Tuesday, April 12, 2011

Fast forward

Suddenly it's April.  Still the same weather as February, well, OK, no snow, but that rain is cold.  The birds have turned up the volume quite a lot since the quiet of winter.  On a walk out for the paper this morning I heard a Virginia rail in the marsh- rails are marsh birds, very skulky and unsociable. They look kind of like a small brown long-legged chicken.  Only the head is very different, with beautiful red highlights and a long, tapered bill for digging into that marsh mud for food.  In Bird ID books, rails are filed under "Chicken-Like Wading Birds"  which describes them exactly.  They take high, careful steps through the mud and you could swear they're frowning if you're lucky enough to actually see one.   And quiet.  But this time of year, the male is interested in finding any available girl rails, so he calls from the deep new marsh grass.  It's sort of  a kuk-kuk-kuk- getting faster as he goes.  It's a wonderful, noisy sign that spring is here.
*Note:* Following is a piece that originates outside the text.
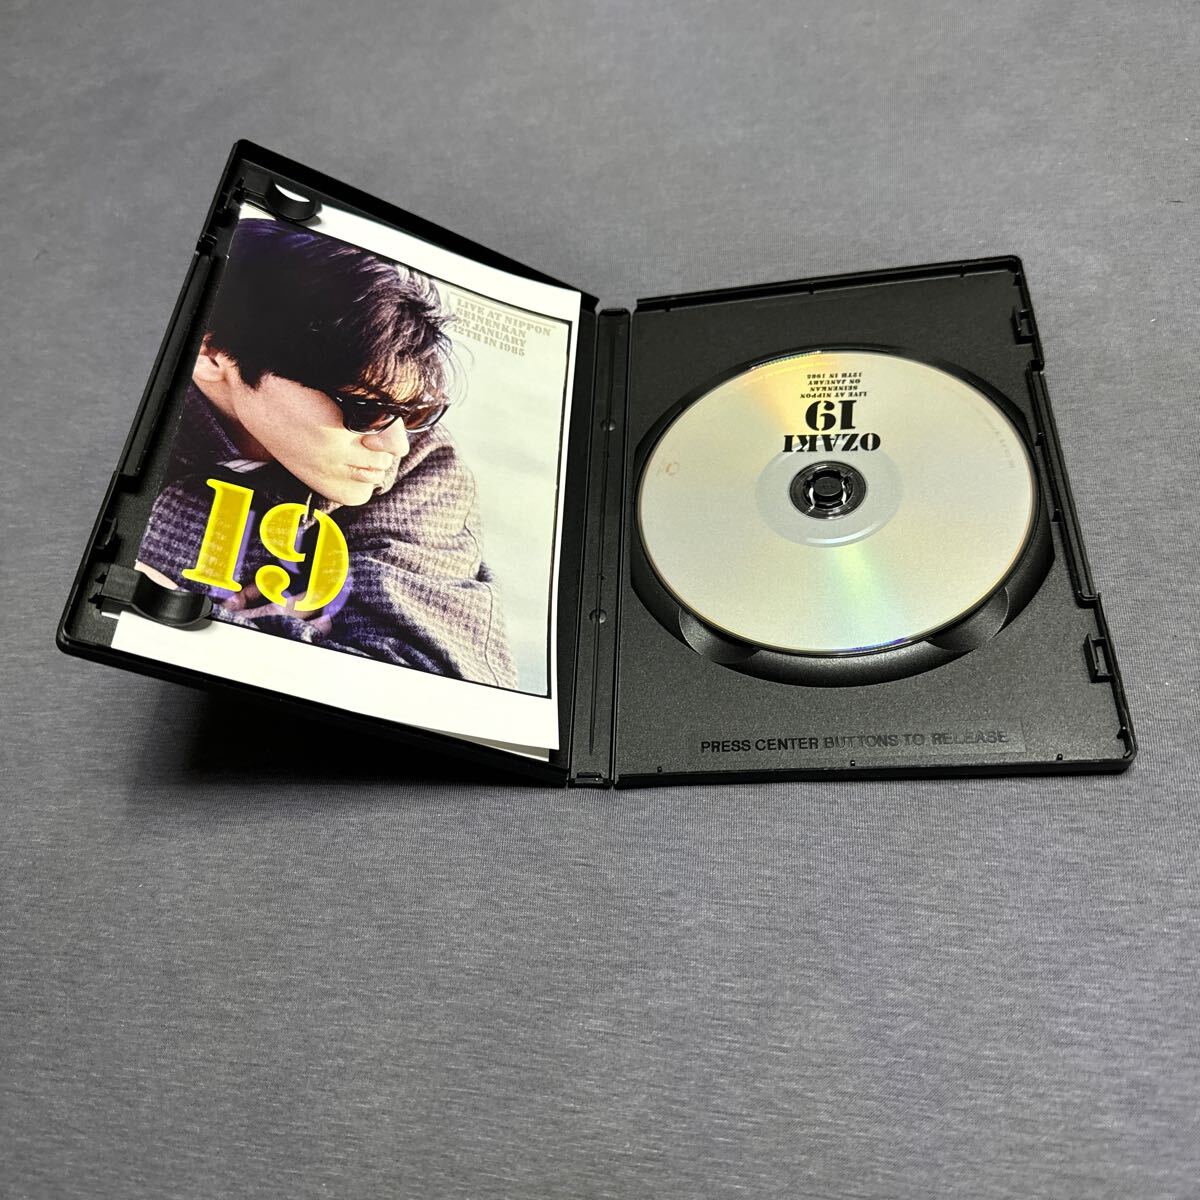 OZAKI19 [DVD] прекрасный товар

There was also a woodpecker, probably a small one, drumming nearby.  When you hear a rat-a-tat really fast, it's a woodpecker.   If one picks your house to drum on (lucky you) you can at least know it's self-limited to the breeding season.  They're letting other woodpeckers know that this territory is taken.  Most of the cures for this house-drumming that I've heard of seem doomed to fail.  Finally the hormones ebb and the woodpecker is more focused on raising a family somewhere nearby.
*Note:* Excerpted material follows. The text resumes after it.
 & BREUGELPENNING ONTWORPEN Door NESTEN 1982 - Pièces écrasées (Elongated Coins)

The skunk cabbage on our pond edge is slow to bloom this year.  They're like blazing yellow exclamation points along the wet roadsides, but here, they're just beginning to venture a lance-like leaf into the sun.  I have a plant ID book that describes skunk cabbage as "a robust, hairless perennial"...sounds like some of my best friends. 
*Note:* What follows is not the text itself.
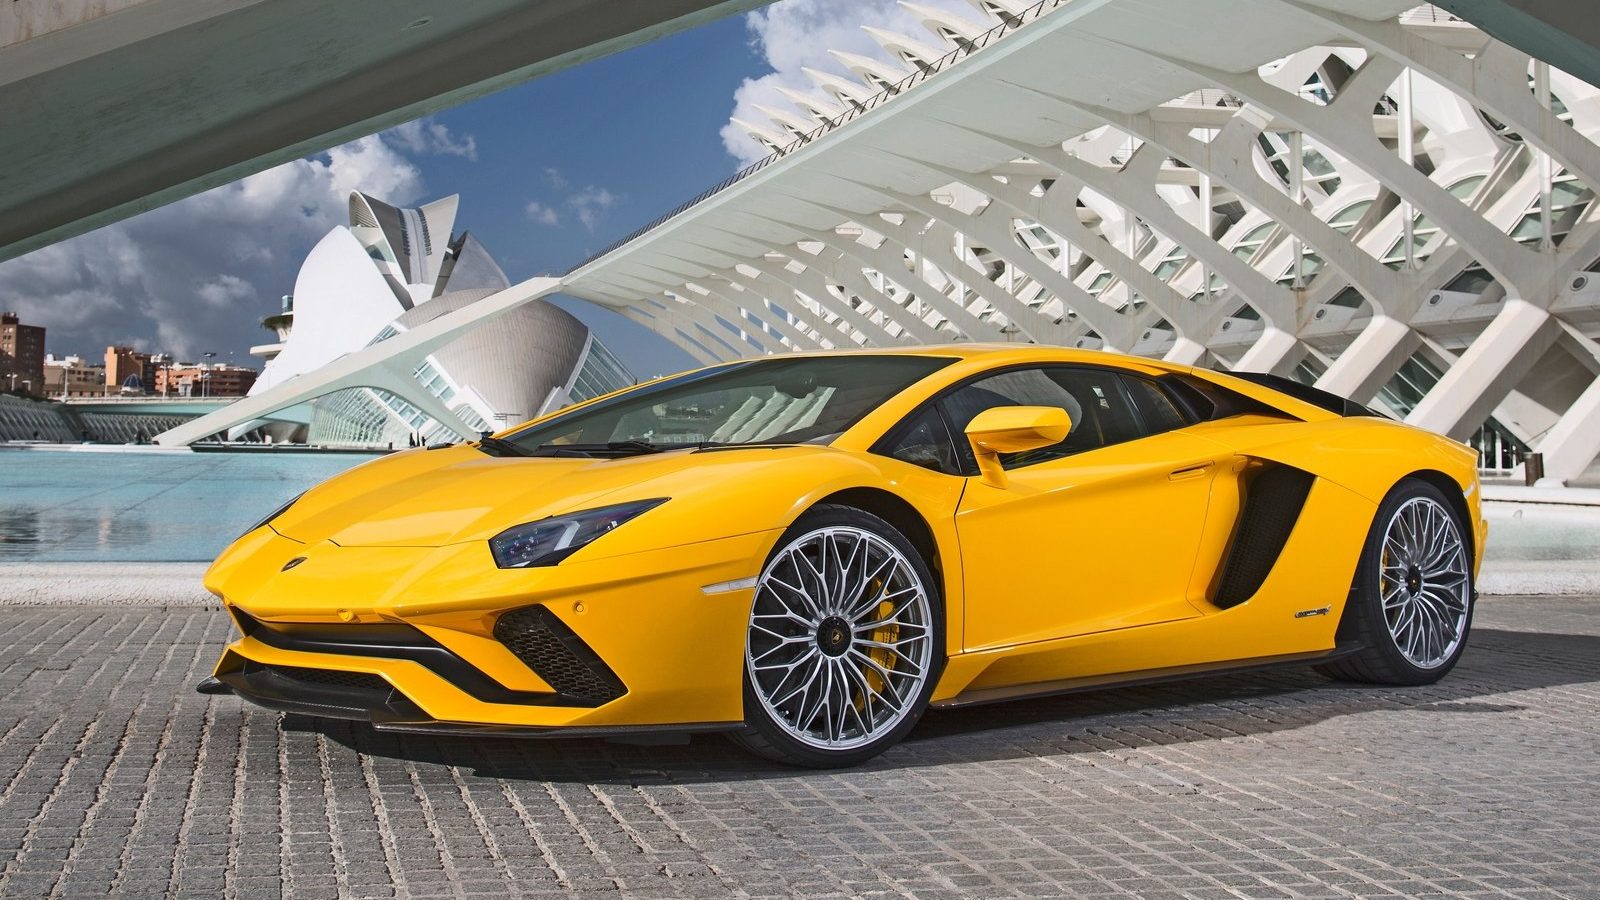 An image of a Lamborghini Aventador outdoors.

Tonight the pond is mirror still, oyster colored.  A wide soft arrow in the water is created by a beaver heading north.  Just eyes and nose above the water, he must be heading home after work.  All the birds and critters around us are trying to make a living, just like us.  They struggle and work hard to feed families and try to get along and be safe.  And they do their best to live peacefully among us.  Sometimes we cross paths with someone, maybe a skunk or even a black bear, and hackles rise briefly all around.  But none of the critters that live among us wish us any harm.  I hope we can return that favor.